_Work order_
Only the lines below, from the one with "1.00 carat, Fancy" through the one with "Vintage 90s Colorado", are to be written out, exactly.

_Records contained in a dataset_
────────────────────
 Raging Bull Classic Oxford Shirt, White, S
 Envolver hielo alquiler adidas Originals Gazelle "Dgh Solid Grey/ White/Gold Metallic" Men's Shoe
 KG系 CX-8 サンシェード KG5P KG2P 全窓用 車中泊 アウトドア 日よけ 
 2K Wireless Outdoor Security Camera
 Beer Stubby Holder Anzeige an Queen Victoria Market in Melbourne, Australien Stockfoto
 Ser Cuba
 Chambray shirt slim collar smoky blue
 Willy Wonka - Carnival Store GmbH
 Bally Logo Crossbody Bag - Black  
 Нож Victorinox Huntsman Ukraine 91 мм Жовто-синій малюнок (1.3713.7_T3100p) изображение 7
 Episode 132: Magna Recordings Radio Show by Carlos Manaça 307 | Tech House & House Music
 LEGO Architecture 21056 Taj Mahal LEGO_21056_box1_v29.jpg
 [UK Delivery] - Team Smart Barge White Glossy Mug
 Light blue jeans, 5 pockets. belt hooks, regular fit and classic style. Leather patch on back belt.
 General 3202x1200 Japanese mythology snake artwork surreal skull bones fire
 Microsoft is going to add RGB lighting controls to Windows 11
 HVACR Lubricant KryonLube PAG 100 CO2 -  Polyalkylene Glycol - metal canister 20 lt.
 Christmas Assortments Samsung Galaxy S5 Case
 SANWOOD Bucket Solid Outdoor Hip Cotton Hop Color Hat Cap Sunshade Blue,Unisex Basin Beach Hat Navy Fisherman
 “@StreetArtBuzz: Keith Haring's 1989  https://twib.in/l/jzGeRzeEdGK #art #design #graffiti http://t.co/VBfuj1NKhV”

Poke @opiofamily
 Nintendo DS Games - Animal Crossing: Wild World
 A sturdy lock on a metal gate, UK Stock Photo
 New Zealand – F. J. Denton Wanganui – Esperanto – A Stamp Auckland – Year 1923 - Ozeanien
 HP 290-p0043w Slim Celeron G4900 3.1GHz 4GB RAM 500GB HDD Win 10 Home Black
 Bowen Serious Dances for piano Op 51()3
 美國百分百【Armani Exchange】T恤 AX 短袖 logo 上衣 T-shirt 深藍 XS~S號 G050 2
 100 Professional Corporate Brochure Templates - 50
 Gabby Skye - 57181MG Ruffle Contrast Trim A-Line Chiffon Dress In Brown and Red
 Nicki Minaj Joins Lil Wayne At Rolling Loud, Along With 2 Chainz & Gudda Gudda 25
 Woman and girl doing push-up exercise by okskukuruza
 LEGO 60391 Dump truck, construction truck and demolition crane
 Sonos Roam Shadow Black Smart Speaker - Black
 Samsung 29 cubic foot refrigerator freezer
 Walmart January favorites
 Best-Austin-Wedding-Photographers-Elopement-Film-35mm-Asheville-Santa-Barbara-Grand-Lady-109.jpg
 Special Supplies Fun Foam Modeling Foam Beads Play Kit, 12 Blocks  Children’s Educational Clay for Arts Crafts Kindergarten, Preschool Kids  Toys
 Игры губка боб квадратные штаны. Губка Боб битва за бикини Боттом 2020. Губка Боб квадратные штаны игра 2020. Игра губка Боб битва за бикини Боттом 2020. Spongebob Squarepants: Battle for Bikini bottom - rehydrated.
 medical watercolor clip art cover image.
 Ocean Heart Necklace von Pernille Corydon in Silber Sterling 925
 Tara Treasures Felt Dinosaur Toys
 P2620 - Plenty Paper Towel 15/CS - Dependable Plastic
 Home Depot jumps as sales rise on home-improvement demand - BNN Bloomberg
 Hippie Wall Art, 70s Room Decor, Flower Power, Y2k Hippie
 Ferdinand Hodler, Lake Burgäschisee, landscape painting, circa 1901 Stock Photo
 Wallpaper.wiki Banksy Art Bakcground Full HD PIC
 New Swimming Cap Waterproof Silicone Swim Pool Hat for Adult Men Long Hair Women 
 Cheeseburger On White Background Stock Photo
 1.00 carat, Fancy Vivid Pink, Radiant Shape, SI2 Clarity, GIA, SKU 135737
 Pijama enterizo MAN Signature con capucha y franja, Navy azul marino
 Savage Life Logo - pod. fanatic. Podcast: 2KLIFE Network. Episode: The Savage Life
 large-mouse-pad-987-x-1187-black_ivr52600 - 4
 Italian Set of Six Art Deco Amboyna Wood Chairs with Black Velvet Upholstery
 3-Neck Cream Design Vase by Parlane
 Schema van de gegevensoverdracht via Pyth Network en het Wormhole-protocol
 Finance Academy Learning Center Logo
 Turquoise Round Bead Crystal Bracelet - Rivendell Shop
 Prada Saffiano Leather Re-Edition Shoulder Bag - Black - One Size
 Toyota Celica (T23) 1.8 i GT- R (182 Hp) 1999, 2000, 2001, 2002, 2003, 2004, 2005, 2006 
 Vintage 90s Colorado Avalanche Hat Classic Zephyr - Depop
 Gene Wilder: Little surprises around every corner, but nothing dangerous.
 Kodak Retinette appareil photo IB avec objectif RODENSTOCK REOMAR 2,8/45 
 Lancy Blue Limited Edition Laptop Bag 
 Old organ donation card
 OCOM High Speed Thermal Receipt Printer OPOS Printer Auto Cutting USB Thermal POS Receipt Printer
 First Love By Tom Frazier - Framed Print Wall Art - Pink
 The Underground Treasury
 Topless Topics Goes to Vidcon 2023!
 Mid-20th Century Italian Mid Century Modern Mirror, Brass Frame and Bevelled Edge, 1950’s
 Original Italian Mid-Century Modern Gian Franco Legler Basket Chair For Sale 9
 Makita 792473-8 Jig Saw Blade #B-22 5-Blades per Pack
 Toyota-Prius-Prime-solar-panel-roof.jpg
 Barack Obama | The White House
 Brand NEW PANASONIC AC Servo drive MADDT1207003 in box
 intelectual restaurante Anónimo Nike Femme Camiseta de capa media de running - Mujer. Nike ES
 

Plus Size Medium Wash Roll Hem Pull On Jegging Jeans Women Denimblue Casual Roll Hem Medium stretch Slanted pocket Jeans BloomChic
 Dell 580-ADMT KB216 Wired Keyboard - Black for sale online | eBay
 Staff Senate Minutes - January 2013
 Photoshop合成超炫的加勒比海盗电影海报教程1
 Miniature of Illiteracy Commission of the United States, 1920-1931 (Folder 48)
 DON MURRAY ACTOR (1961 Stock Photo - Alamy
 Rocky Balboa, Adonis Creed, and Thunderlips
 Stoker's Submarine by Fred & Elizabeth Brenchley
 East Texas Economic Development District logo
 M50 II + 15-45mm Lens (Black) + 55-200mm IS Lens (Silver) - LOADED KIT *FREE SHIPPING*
────────────────────
_Task response_
 1.00 carat, Fancy Vivid Pink, Radiant Shape, SI2 Clarity, GIA, SKU 135737
 Pijama enterizo MAN Signature con capucha y franja, Navy azul marino
 Savage Life Logo - pod. fanatic. Podcast: 2KLIFE Network. Episode: The Savage Life
 large-mouse-pad-987-x-1187-black_ivr52600 - 4
 Italian Set of Six Art Deco Amboyna Wood Chairs with Black Velvet Upholstery
 3-Neck Cream Design Vase by Parlane
 Schema van de gegevensoverdracht via Pyth Network en het Wormhole-protocol
 Finance Academy Learning Center Logo
 Turquoise Round Bead Crystal Bracelet - Rivendell Shop
 Prada Saffiano Leather Re-Edition Shoulder Bag - Black - One Size
 Toyota Celica (T23) 1.8 i GT- R (182 Hp) 1999, 2000, 2001, 2002, 2003, 2004, 2005, 2006 
 Vintage 90s Colorado Avalanche Hat Classic Zephyr - Depop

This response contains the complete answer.